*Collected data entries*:
=-=-=

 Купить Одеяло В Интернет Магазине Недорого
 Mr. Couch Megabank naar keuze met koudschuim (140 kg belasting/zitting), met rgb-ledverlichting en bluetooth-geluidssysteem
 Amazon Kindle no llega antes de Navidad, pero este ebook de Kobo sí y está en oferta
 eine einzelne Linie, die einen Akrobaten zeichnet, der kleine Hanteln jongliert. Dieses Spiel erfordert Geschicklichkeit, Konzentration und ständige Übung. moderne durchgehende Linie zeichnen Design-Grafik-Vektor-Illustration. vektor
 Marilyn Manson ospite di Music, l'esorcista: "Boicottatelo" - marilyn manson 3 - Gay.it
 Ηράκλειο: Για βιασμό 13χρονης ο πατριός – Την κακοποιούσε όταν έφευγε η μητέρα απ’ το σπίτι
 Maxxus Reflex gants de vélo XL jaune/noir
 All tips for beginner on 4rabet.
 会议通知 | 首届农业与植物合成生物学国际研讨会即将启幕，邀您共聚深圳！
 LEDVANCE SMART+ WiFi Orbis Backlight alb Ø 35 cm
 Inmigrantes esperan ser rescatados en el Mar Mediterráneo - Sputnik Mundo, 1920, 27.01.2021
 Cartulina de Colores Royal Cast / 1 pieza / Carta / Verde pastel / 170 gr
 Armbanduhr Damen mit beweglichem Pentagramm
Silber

=-=-=

*Your instructions*: Without altering a single word, transcribe the entries above.

*Output below*:
 Купить Одеяло В Интернет Магазине Недорого
 Mr. Couch Megabank naar keuze met koudschuim (140 kg belasting/zitting), met rgb-ledverlichting en bluetooth-geluidssysteem
 Amazon Kindle no llega antes de Navidad, pero este ebook de Kobo sí y está en oferta
 eine einzelne Linie, die einen Akrobaten zeichnet, der kleine Hanteln jongliert. Dieses Spiel erfordert Geschicklichkeit, Konzentration und ständige Übung. moderne durchgehende Linie zeichnen Design-Grafik-Vektor-Illustration. vektor
 Marilyn Manson ospite di Music, l'esorcista: "Boicottatelo" - marilyn manson 3 - Gay.it
 Ηράκλειο: Για βιασμό 13χρονης ο πατριός – Την κακοποιούσε όταν έφευγε η μητέρα απ’ το σπίτι
 Maxxus Reflex gants de vélo XL jaune/noir
 All tips for beginner on 4rabet.
 会议通知 | 首届农业与植物合成生物学国际研讨会即将启幕，邀您共聚深圳！
 LEDVANCE SMART+ WiFi Orbis Backlight alb Ø 35 cm
 Inmigrantes esperan ser rescatados en el Mar Mediterráneo - Sputnik Mundo, 1920, 27.01.2021
 Cartulina de Colores Royal Cast / 1 pieza / Carta / Verde pastel / 170 gr
 Armbanduhr Damen mit beweglichem Pentagramm
Silber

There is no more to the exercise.